Abstract:
Lighting apparatus includes a dielectric barrier discharge lamp having a discharge vessel enclosing a discharge space having a filling, first and second main electrodes, a dielectric sheet between the first main electrode and the discharge space, and a first circuit part for generating an operating voltage between the main electrodes. A plurality of electrode bodies mounted in or on the dielectric sheet form an auxiliary electrode, and a second circuit part generates auxiliary voltages between the electrode bodies for generating an auxiliary discharge in the discharge space.

Description:
BACKGROUND OF THE INVENTION 
     The invention relates to a lighting arrangement equipped with a dielectric barrier discharge lamp comprising 
     a gas tight discharge vessel enclosing a discharge space and containing a filling, 
     a first main electrode and a second main electrode, 
     a dielectric sheet situated between the first main electrode and the discharge space, 
     a circuit arrangement coupled to the main electrodes for igniting and operating the dielectric barrier discharge lamp, comprising 
     a first circuit part for generating an operating voltage that is present between the two main electrodes. 

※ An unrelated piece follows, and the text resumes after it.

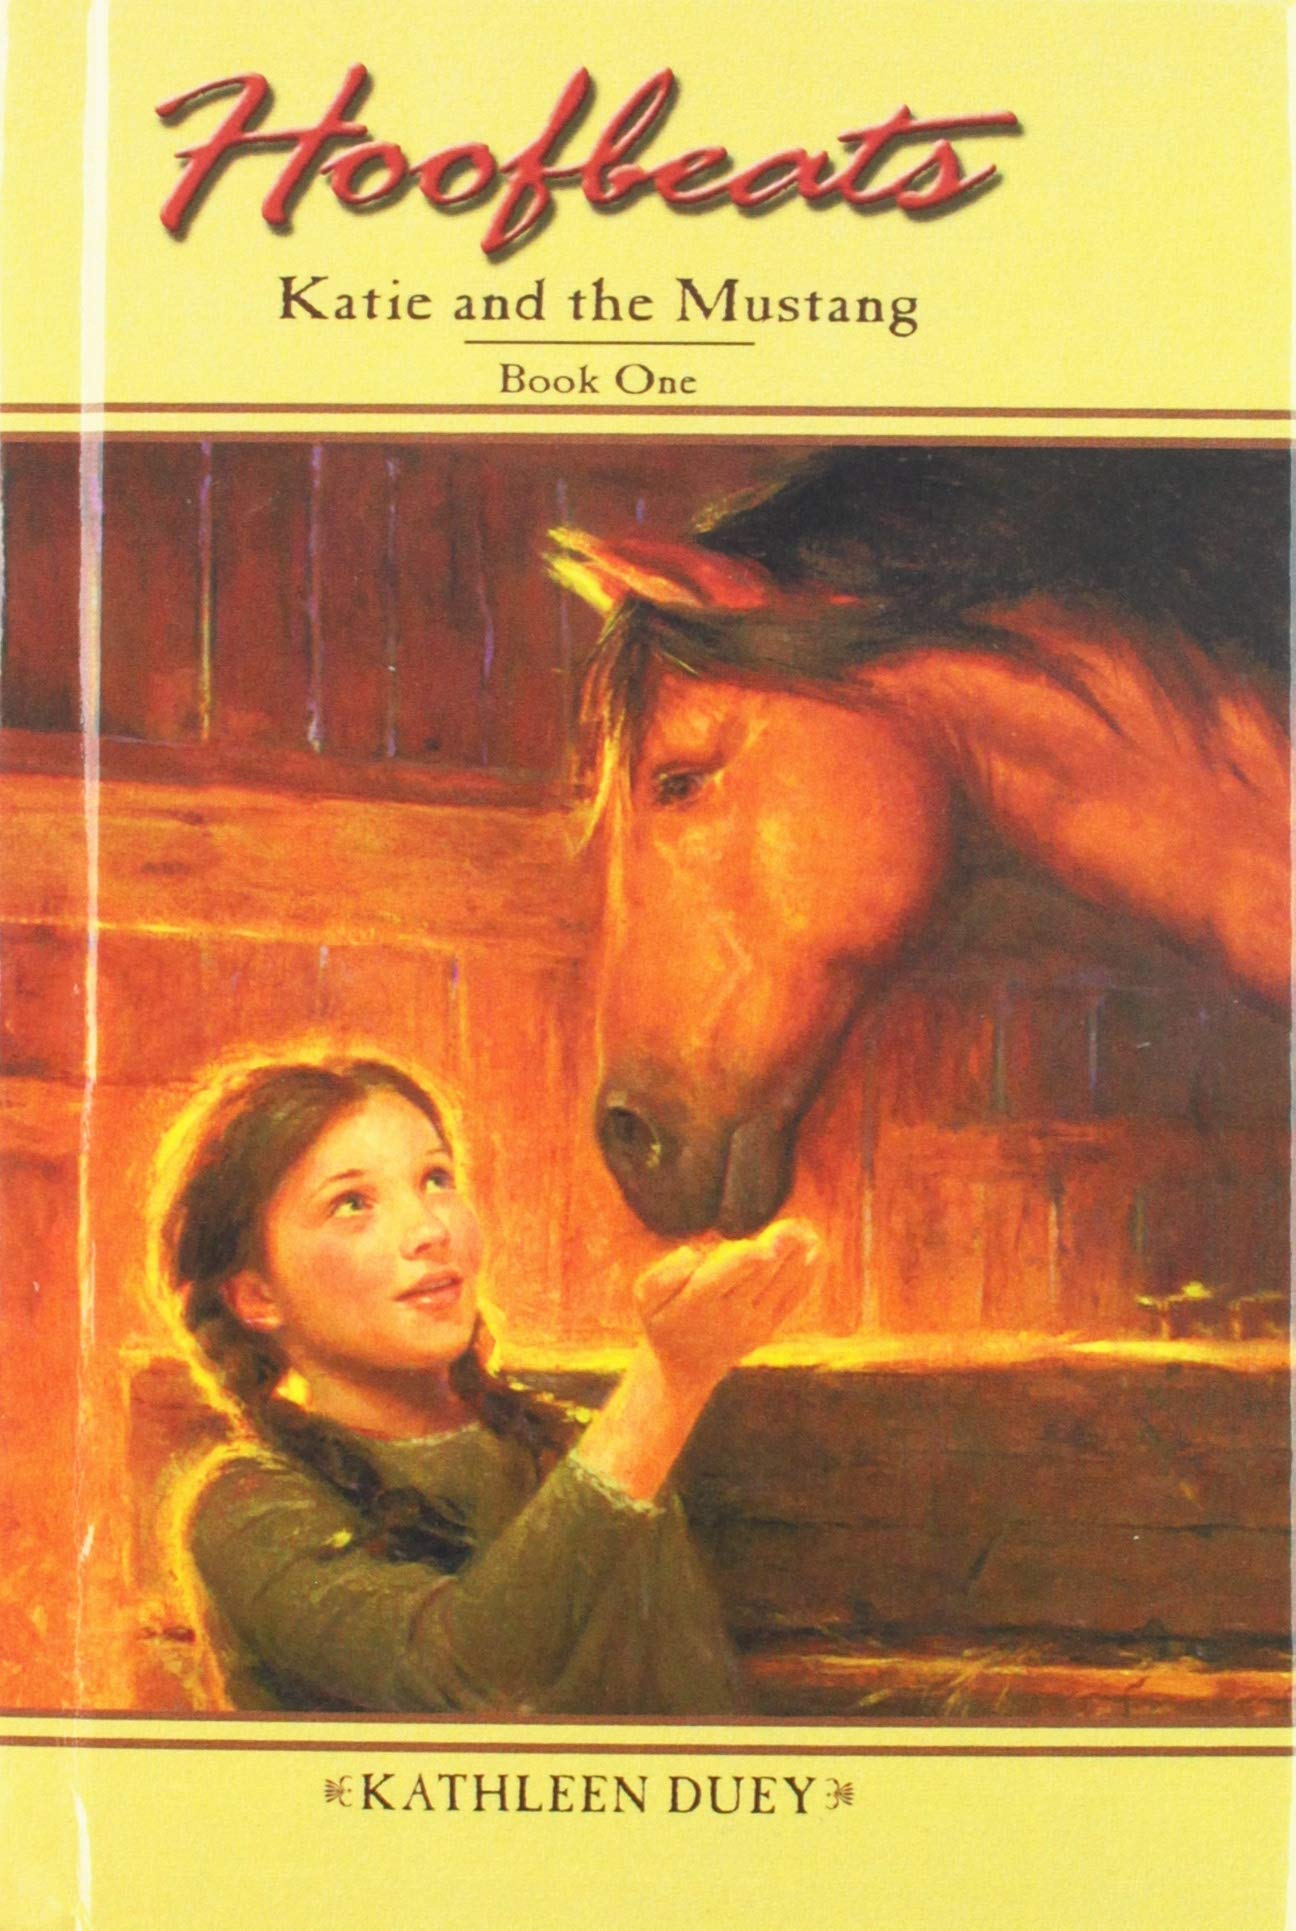 Katie and the Mustang, Book 1

     The invention also relates to a dielectric barrier discharge lamp. 
     A lighting arrangement as described above is known from U.S. Pat. No. 5,343,114. The dielectric barrier discharge that is present in the discharge space during operation of the known lighting arrangement is a high very suitable for the generation of excimers or ozone. The filling typically contains one or more noble gases, a metal halide or a metal vapor and traces of other gases for excimers generation or a mixture of oxygen or air with other gases for the generation of ozone. A discharge is maintained by applying a high voltage between the first and second main electrode. The dielectric sheet that covers the first main electrode serves to distribute the discharge over the electrode area and to interrupt the discharge at an early stage due to the build up of an electrical field by charge accumulation on the dielectric sheet. The electrical field counteracts the electrical field present between the two main electrodes. Due to the early interruption of the discharge, the dielectric barrier discharge lamp (further also called lamp) has to be operated with a high frequency AC operating voltage and the discharge is far from equilibrium. This latter property of the discharge together with a suitable filling allows efficient generation of excimers. Excimers are a source of UV radiation. This UV radiation can for instance be used in photochemical processes. Dielectric barrier discharges are also often used to generate ozon. Alternatively, by making use of a suitable luminescent material, this UV radiation can be converted into visible radiation. A disadvantage of the known lighting arrangement, however, is the very high amplitude of the operating voltage necessary to reignite the dielectric barrier discharge lamp at the beginning of each half period of the operating voltage. In fact this high amplitude of the operating voltage raises the requirements that the circuit arrangement for operating the lamp has to meet to such an extent, that it forms the main impediment for a much more widespread use of the lighting arrangement. 
     SUMMARY OF THE INVENTION 
     According to the invention the dielectric barrier discharge lamp further comprises auxiliary electrode means and the circuit arrangement further comprises a second circuit part coupled to the auxiliary electrode means for generating an auxiliary discharge in the discharge space. 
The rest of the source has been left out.